- Work required: The listing, minus its pictures, is to be given again exactly.

- Provided data:
- - - -

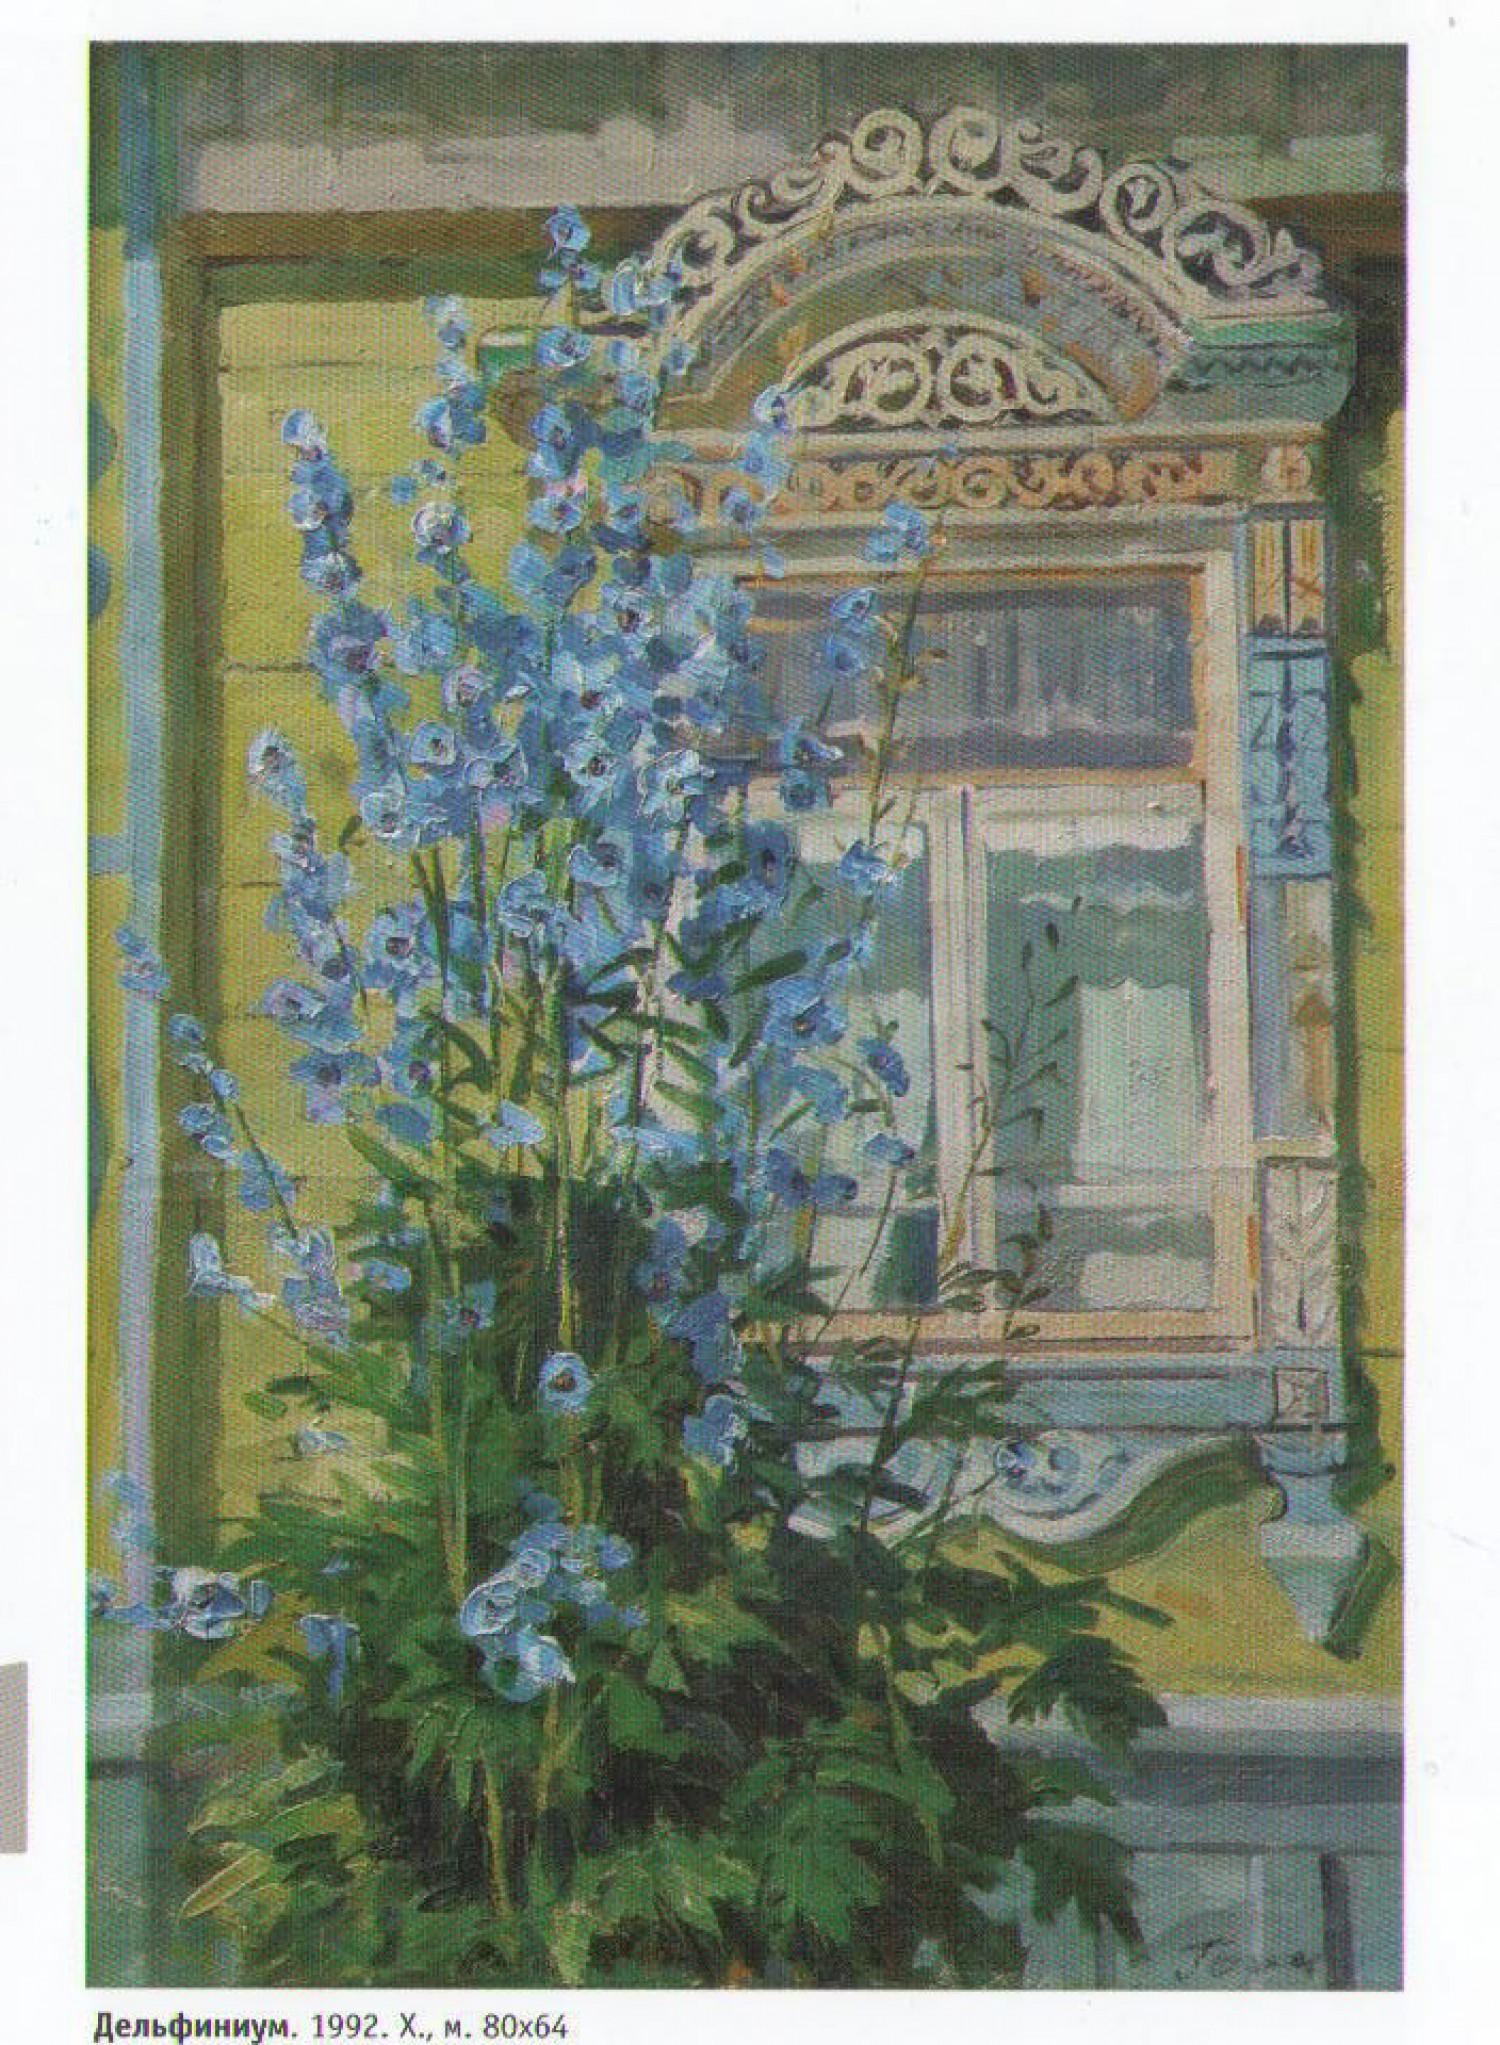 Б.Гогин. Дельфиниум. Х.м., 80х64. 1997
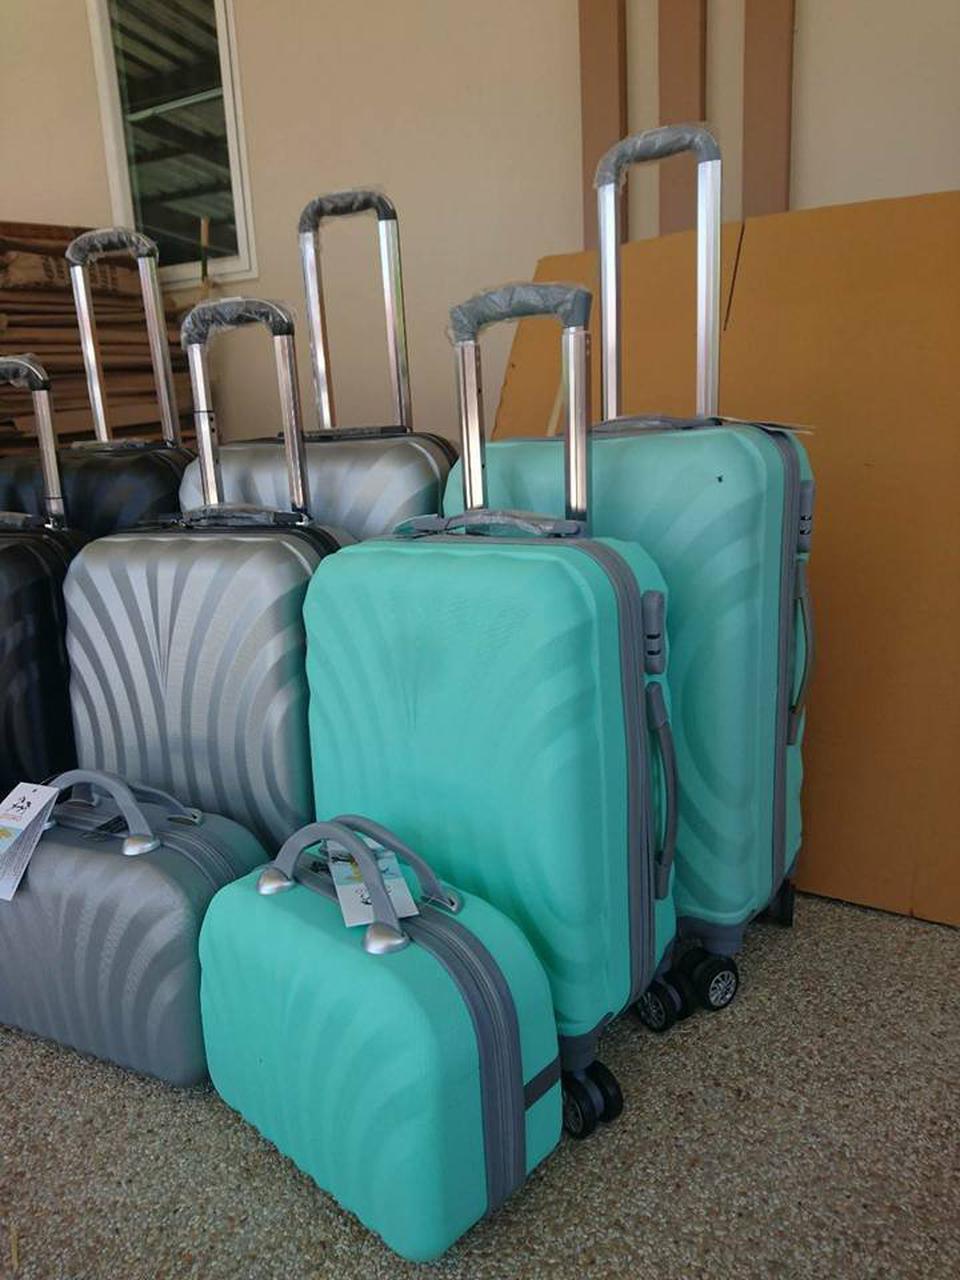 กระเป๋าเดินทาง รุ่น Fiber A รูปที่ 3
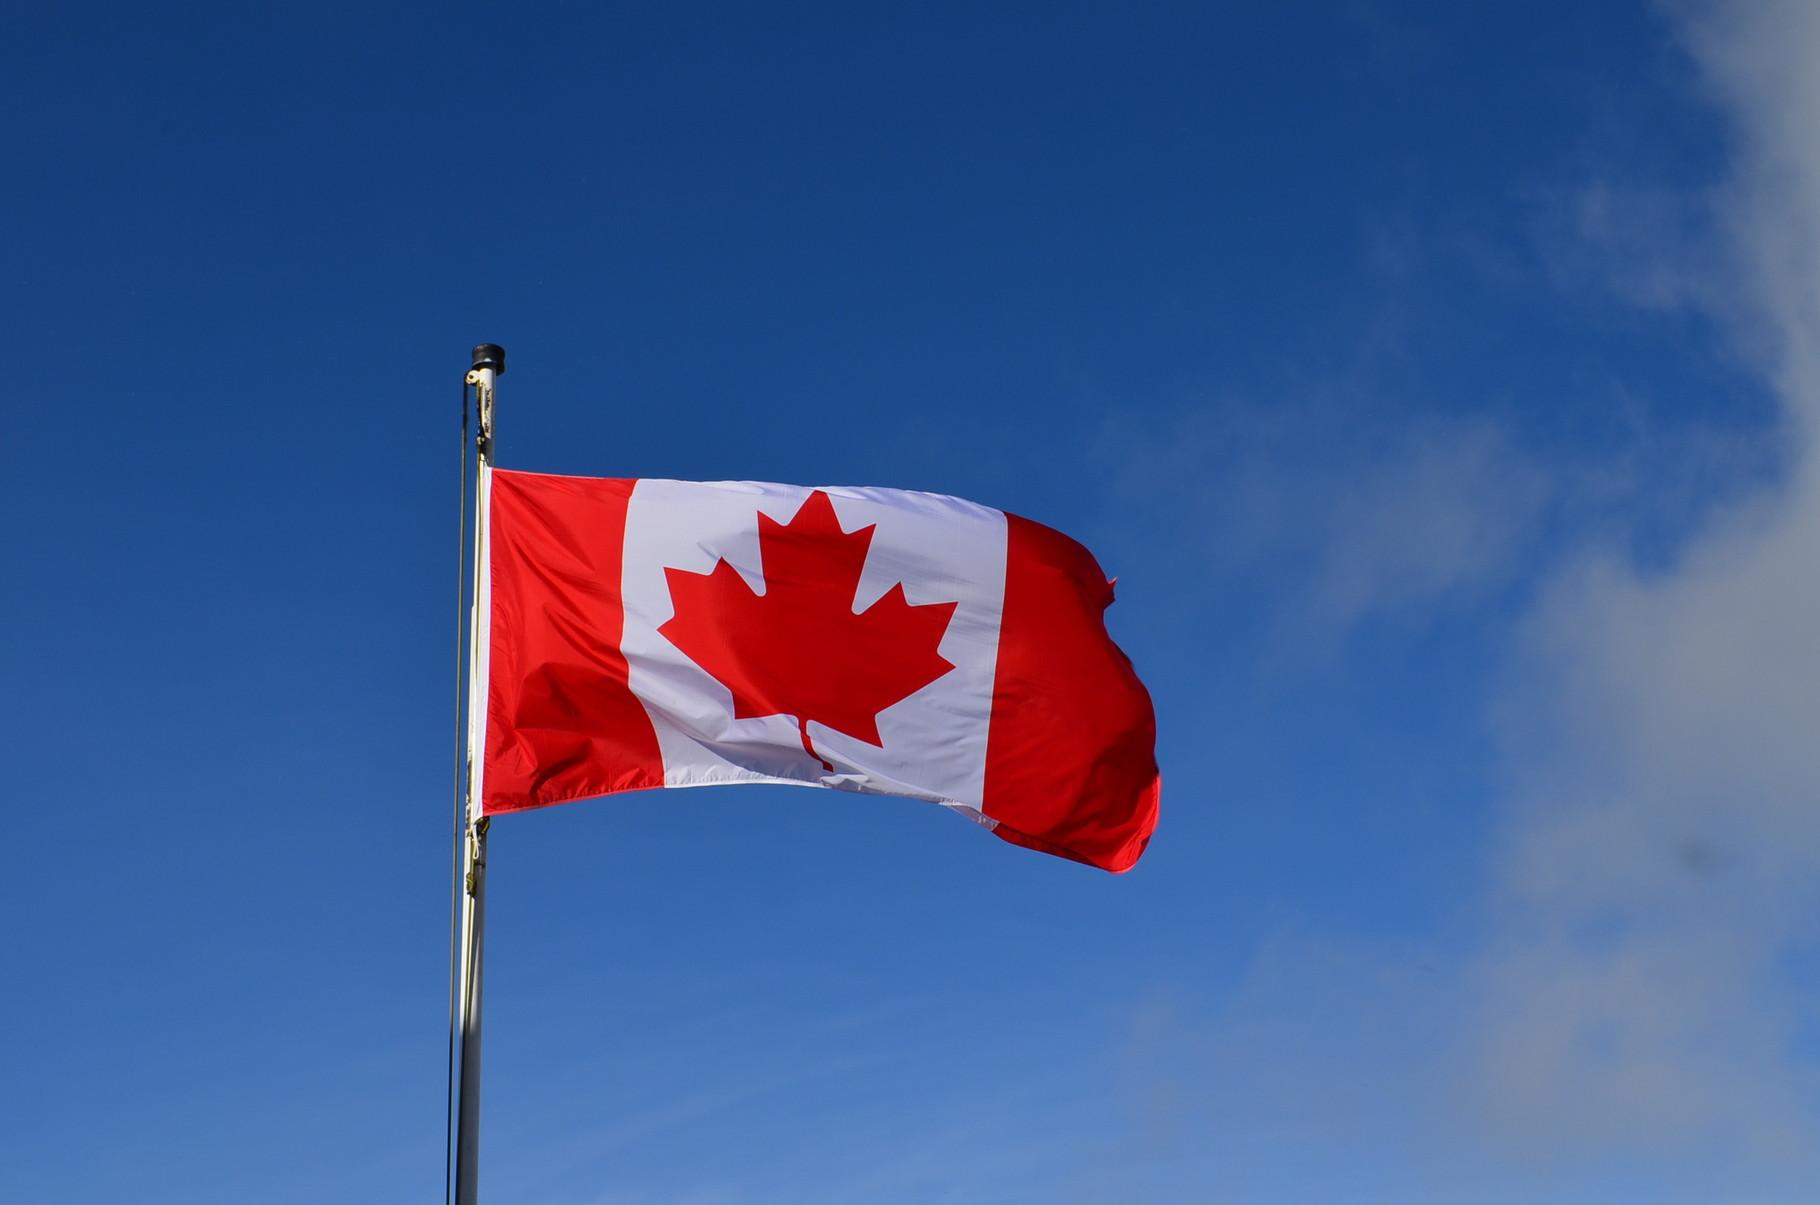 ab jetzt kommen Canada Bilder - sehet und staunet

- - - -

- Expected answer:
 Б.Гогин. Дельфиниум. Х.м., 80х64. 1997
 กระเป๋าเดินทาง รุ่น Fiber A รูปที่ 3
 ab jetzt kommen Canada Bilder - sehet und staunet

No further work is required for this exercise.